Whilst peace has taken hold inside the borders of Europe, the search for its true heart and soul has made little progress. Europe has many faces and many identities but so far, the idea of Europe as a community of shared values – rather than a leviathan on hollow pillars – has remained a dream.
That is because the core of European patriotism is still terribly provincial. The Bavarians remain suspicious of the Prussians, the Scottish continue to revolt against the English and Catalonia has drawn up all the boundaries necessary for secession. Many Bavarians have more in common with Austrians than with Northern Germans.
Clichés contain a lot of truth
The question of how much truth lies in cultural clichés deserves some attention. It is likely that the results of a survey done by the Foundation for Future Studies in 2007 will hold true for the next decade or two: virtues differ from country to country. Loyalty thrives in Britain, as much as a sense of responsibility does in Germany and justice does in Finland. Meanwhile, the Italians seem less bothered with reliability than anybody else. Vive la différence! What seems like a collection of harsh clichés is actually pretty accurate in determining the values that European people hold.
While borders have been lifted, we see that people’s habits and idiosyncrasies do not change as quickly. Tourism analysis has shown that the Germans beat everybody else to the deck chairs, the Danish never leave the bar and the French tag along anywhere in search for constant entertainment. Many travel reports read as follows: the drinks are mixed by the Spanish and at 3 am the last Dane gets carried out of the bar. At the breakfast table only the Germans eye the strawberry yogurt, whilst the Italians prefer a hint of orange and the French stick with apple.
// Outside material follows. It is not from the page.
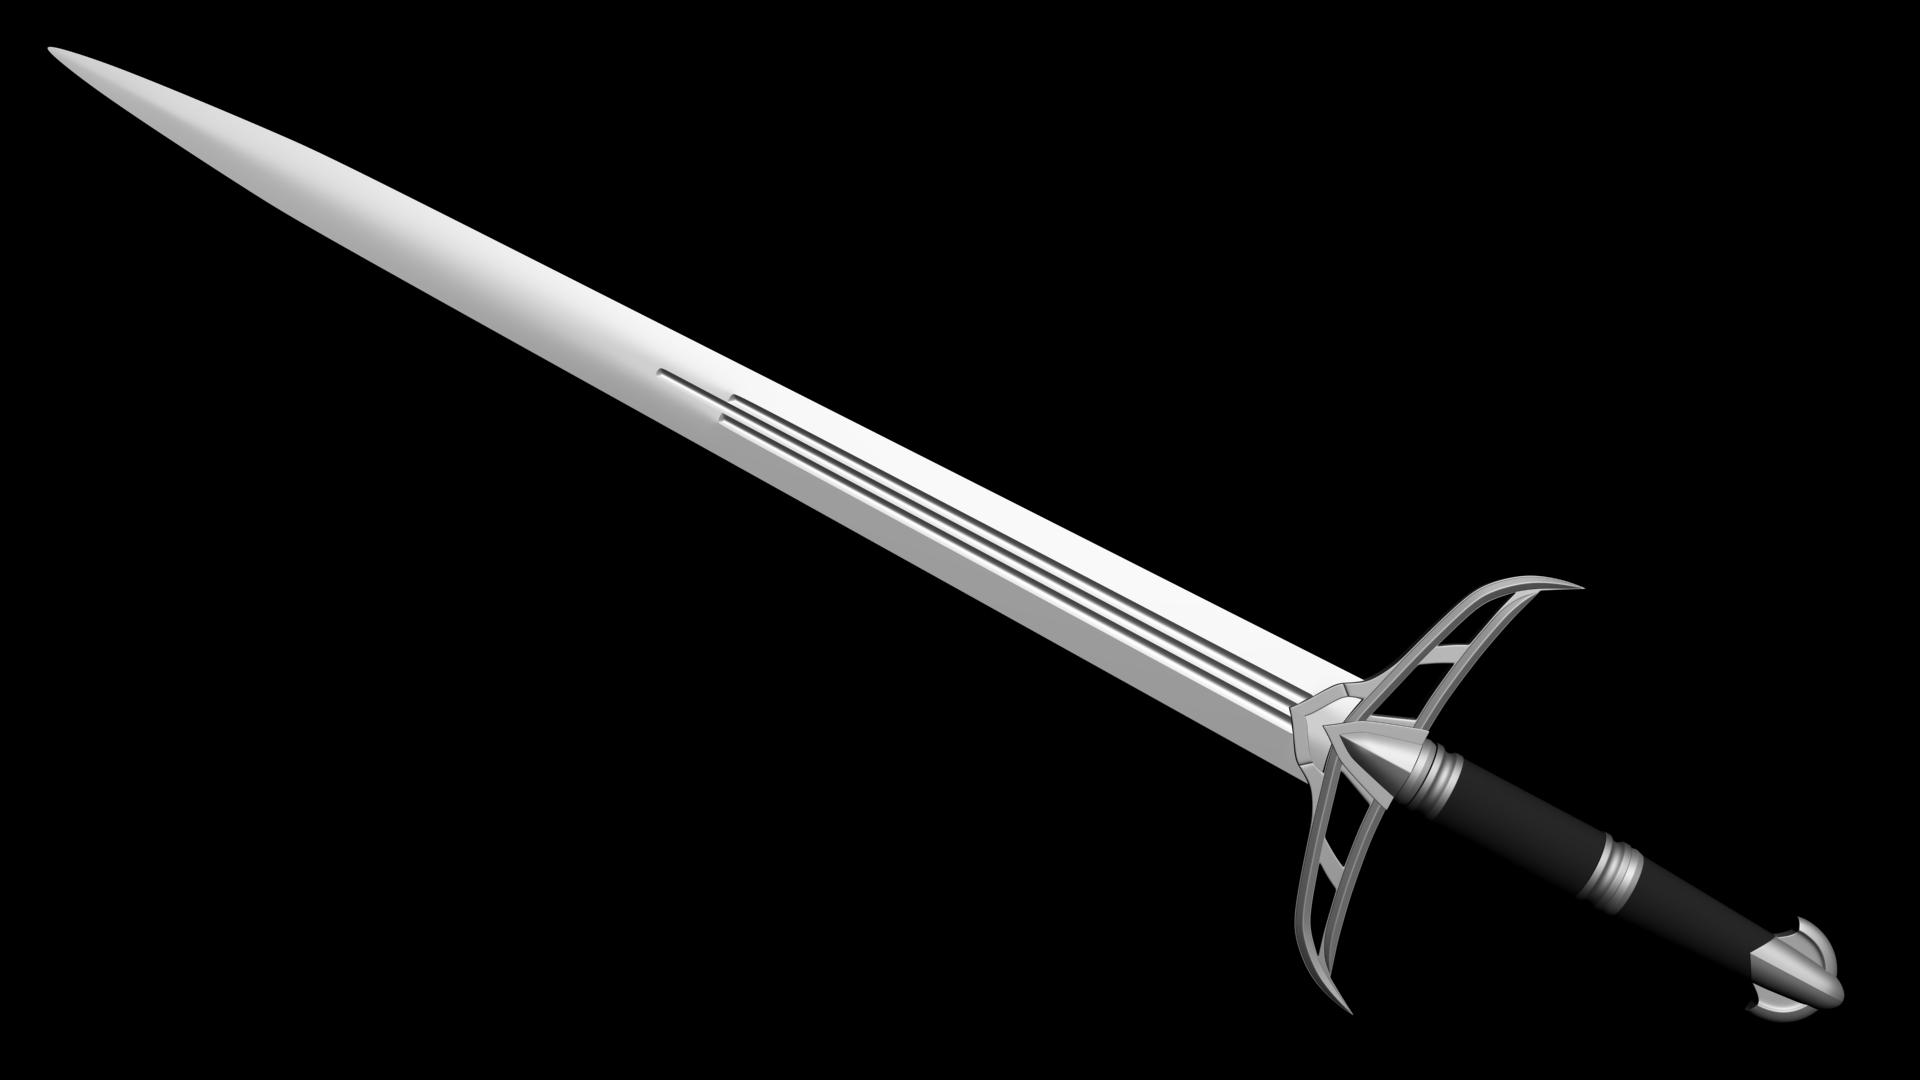 Sword PNG image - Sword PNG

Aside from the clichés that many of us try to resist, Europe is also becoming a melting of different wisdom and recipes of the good life that combine notions of “savoir-vivre,” “dolce far niente” and the German “Gemütlichkeit.” It has also become clear that the things we have in common correlate much more strongly within our respective regions than within states and countries. Here we can envision a Europe where young people grow up on Karl Marx and Coca-Cola, read Luther’s texts online whilst joining Pope Francis is his global fight against poverty. Or visit a musical before attending the evening prayer at a mosque.
Time for pragmatism
That is why the Europe of 2034 is a Europe of diversity. It is a Europe of people not bound together by one single and unifying currency, but by a lingering sense of solidarity and the pragmatic necessity not to let any member state down. The European Union will gradually become a roof-like structure that gives shelter and protection to all those standing below it.
But Europe is also faced with pressing issues. Inequality within Europe is growing ever larger and many Europeans doubt that the fruits of the Union are being distributed fairly. All the while, fears of dramatic decreases in prosperity, terrorism and the expansion of the role the internet plays in our daily lives now constantly accompany us.
There will be no reliable data protection in 2034. Cyberoptimism won’t survive the plight against Europe-wide cyber criminals that eradicate wealth and snatch identities. In 2034 Romano Prodi’s advice will still hold true, we need to be pragmatic about Europe, we need to radically rethink the way we “do Europe”. Here, the “doing Europe” is the part that will take some time to learn.